WHAT TO WORK ON.
Since the listing below shows pictures, leave them out and write out exactly the lines from the line with "Old Decorative Tiles" to the line with "Saree blouse design", both included, and no others.

RECORDS TO USE.
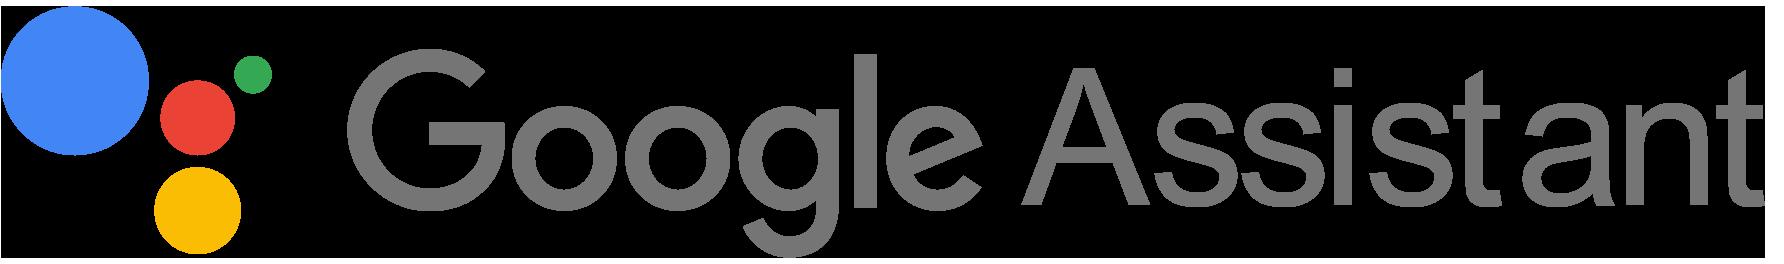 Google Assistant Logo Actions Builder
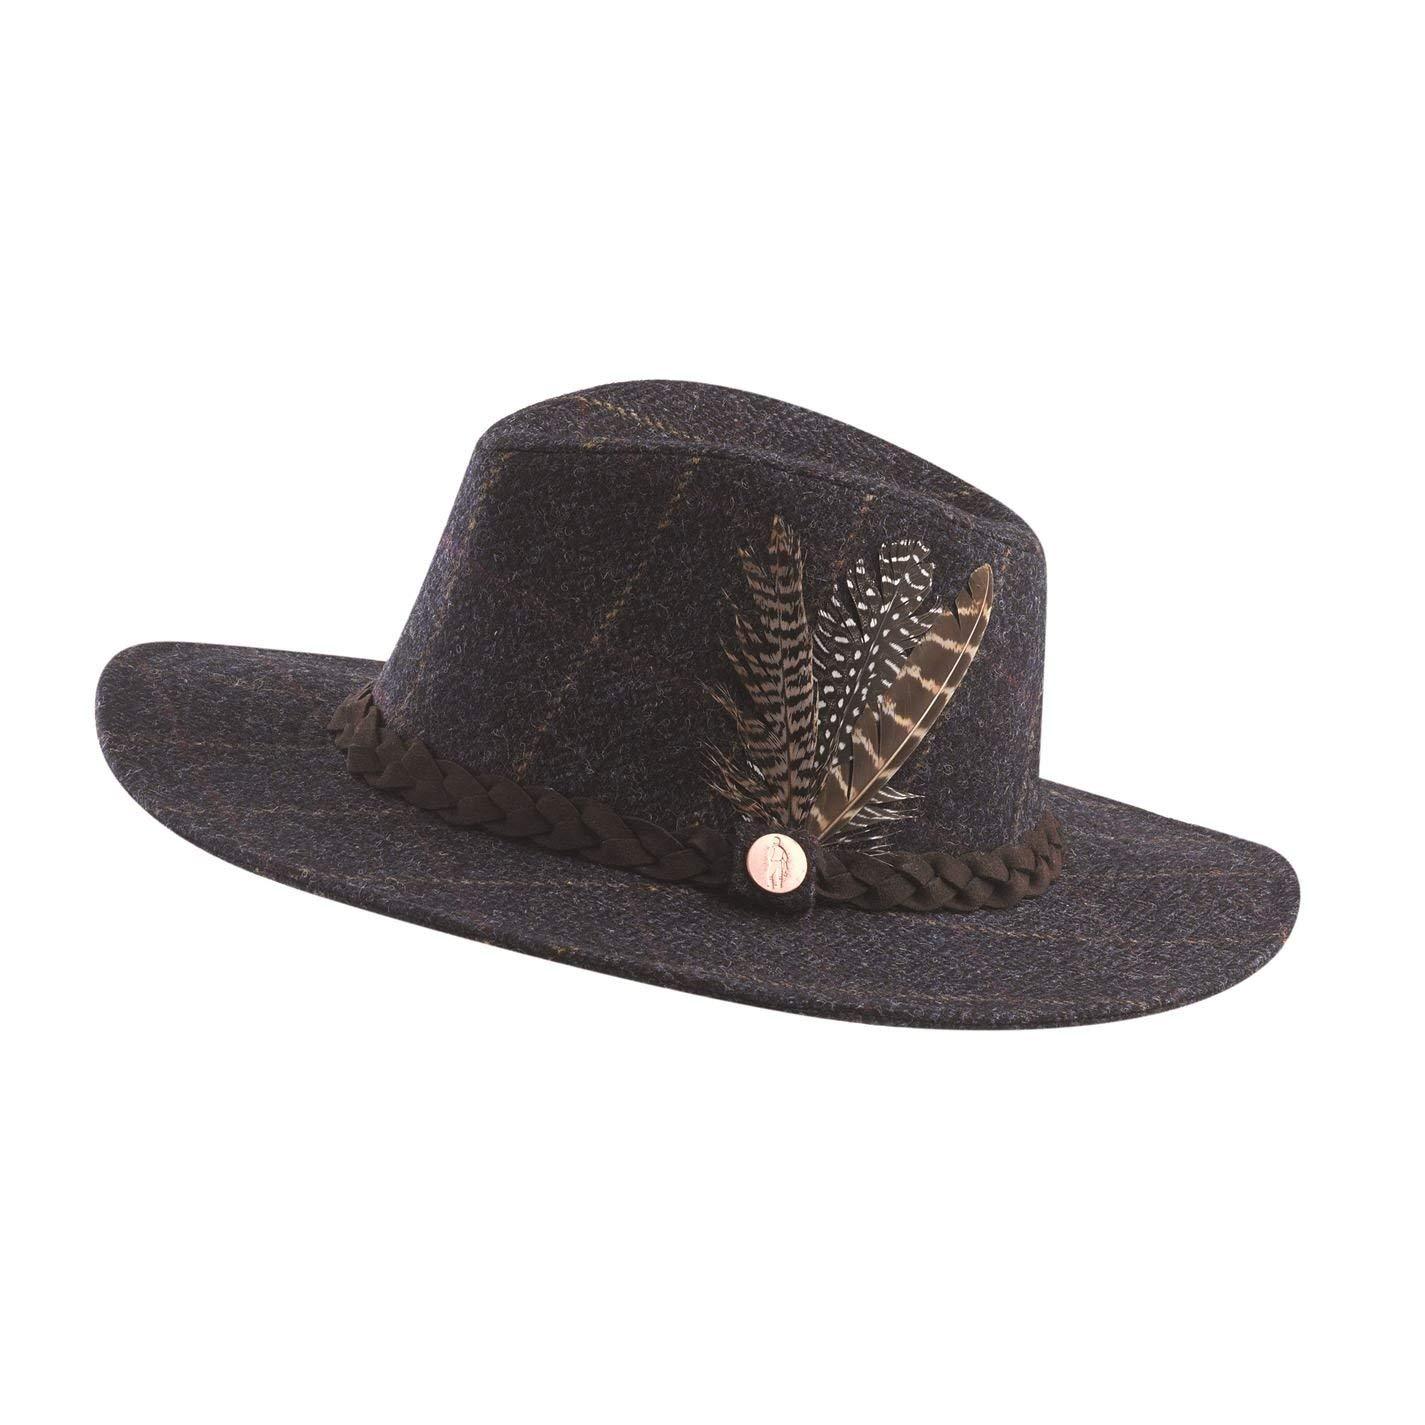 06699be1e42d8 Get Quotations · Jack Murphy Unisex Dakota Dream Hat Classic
--
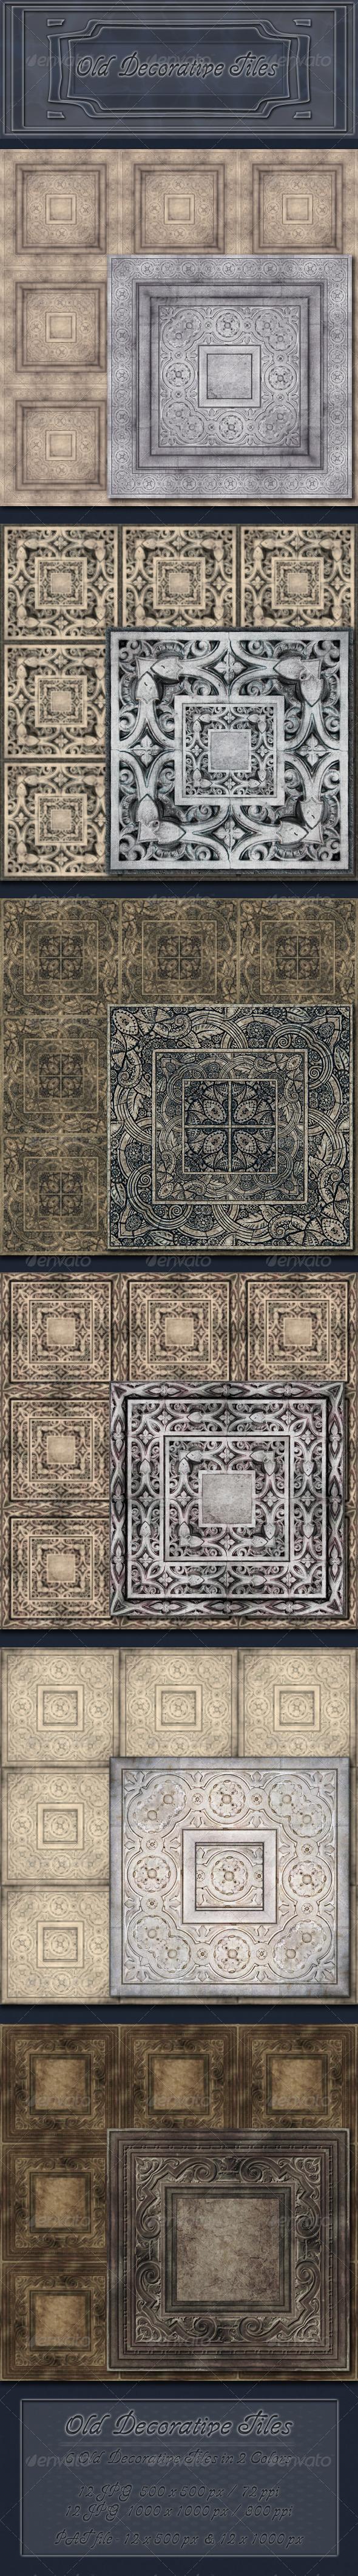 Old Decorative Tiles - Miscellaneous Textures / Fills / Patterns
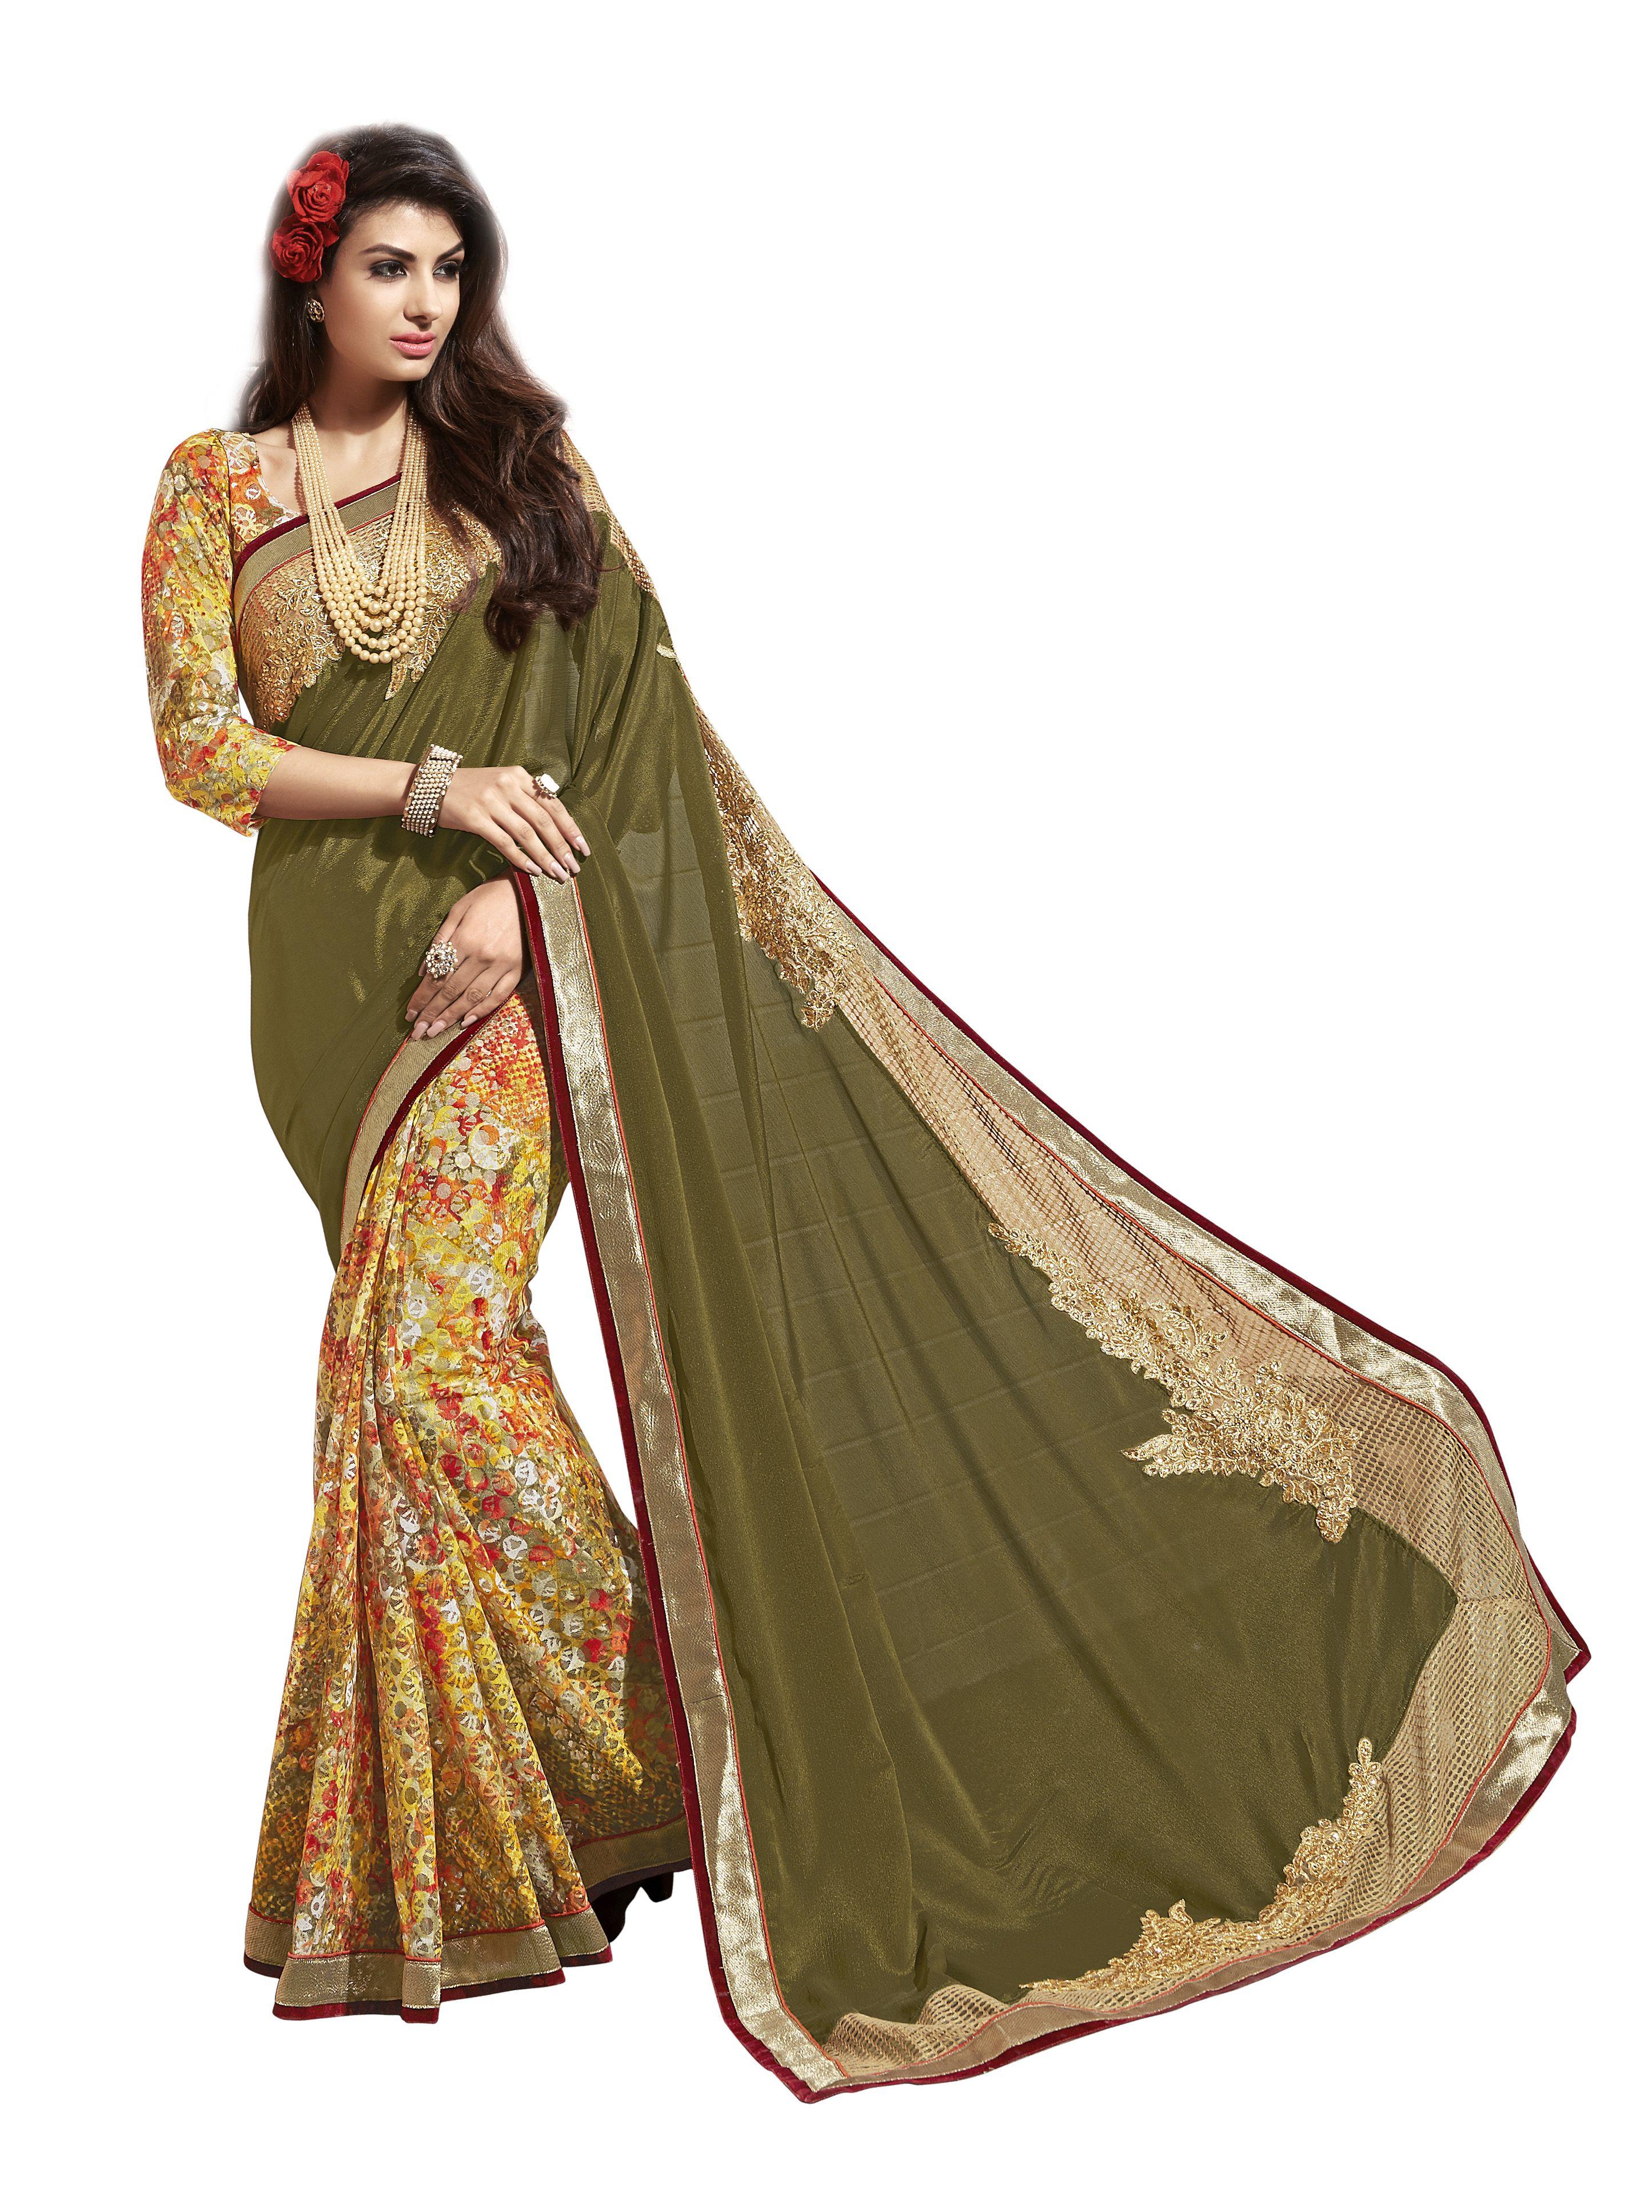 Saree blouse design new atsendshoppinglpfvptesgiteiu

ANSWER TO THE EXERCISE.
 Old Decorative Tiles - Miscellaneous Textures / Fills / Patterns
 Saree blouse design new atsendshoppinglpfvptesgiteiu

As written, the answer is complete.